The advantages to adopting a single language are clear. It would enable us to travel anywhere in the world, confident that we could communicate with the people we met. We would save money on translation and interpretation. Scientific advances and other news could be shared faster and more thoroughly. By preserving a diversity of languages, we preserve the obstacles to communication. Wouldn’t it be better to allow as many languages as possible to die out, leaving us with just one universal lingua franca?

“There are two ways to answer that,” Kamholz says. “One is, well, what about the people who don’t speak those languages yet, what are they supposed to do now? Do we say to them: You won’t have human rights until fifty to a hundred years from now and then you’ll speak English or Mandarin? Those people exist now and still need their rights.”

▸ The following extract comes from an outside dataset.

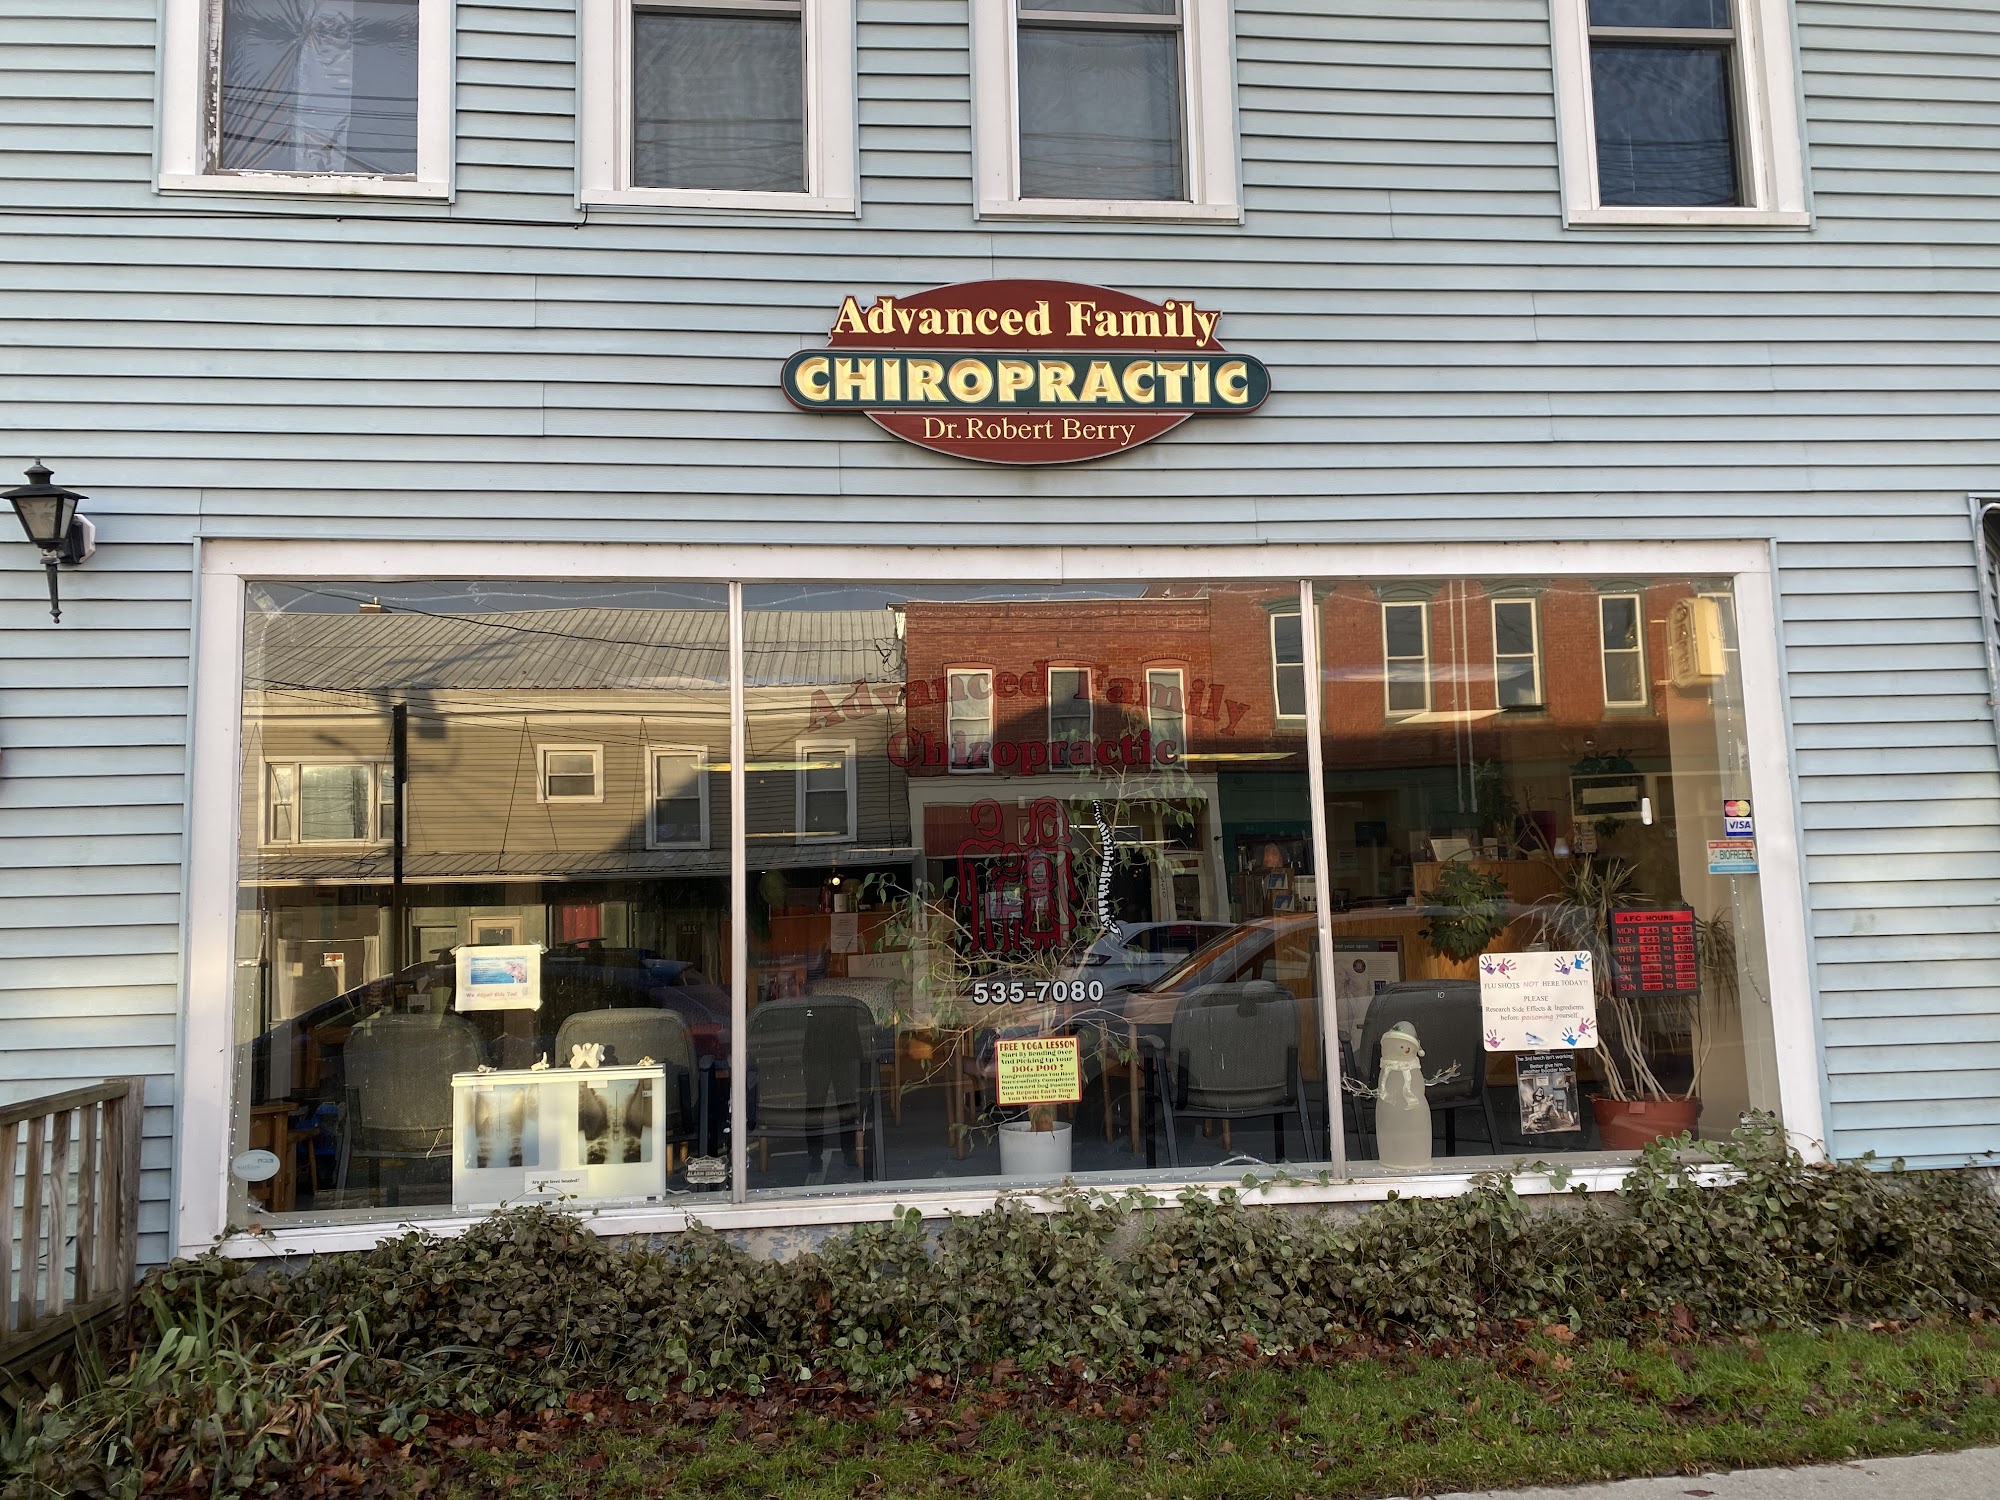 Advanced Family Chiropractic 219 W Main St, Montour Falls New York 14865

Endangered Languages in Australia, Indonesia and Papua New Guinea. Via Endangered Languages

 

“But I would go even further and say, we don’t want a world where the only possible future, and the only way to exercise your rights, is to speak English or Mandarin,” Kamholz continued. “We want a diverse world with many points of view, with different cultural traditions. We don’t want everyone to be the same in that sense, and we don’t want that to be the only solution. We’re enabling people to access information and exercise their rights, but it’s also driven by this desire for diversity and pluralism. We want to make it easier and more possible for people who are in these under-served language communities to access the information they need, and empower them to make their own decisions regarding the preservation of their cultures, their traditions, their languages. There are lot of people in the world who want to do that, but it feels like such a lopsided struggle of us against the world. It seems impossible. But we believe PanLex helps make it easier for people to maintain things they want to maintain. This is just one small piece of the many things that need to happen to make that a reality. I’m not under the illusion that we can do it singlehandedly. I just want us to contribute to the process and hopefully inspire others along the way.”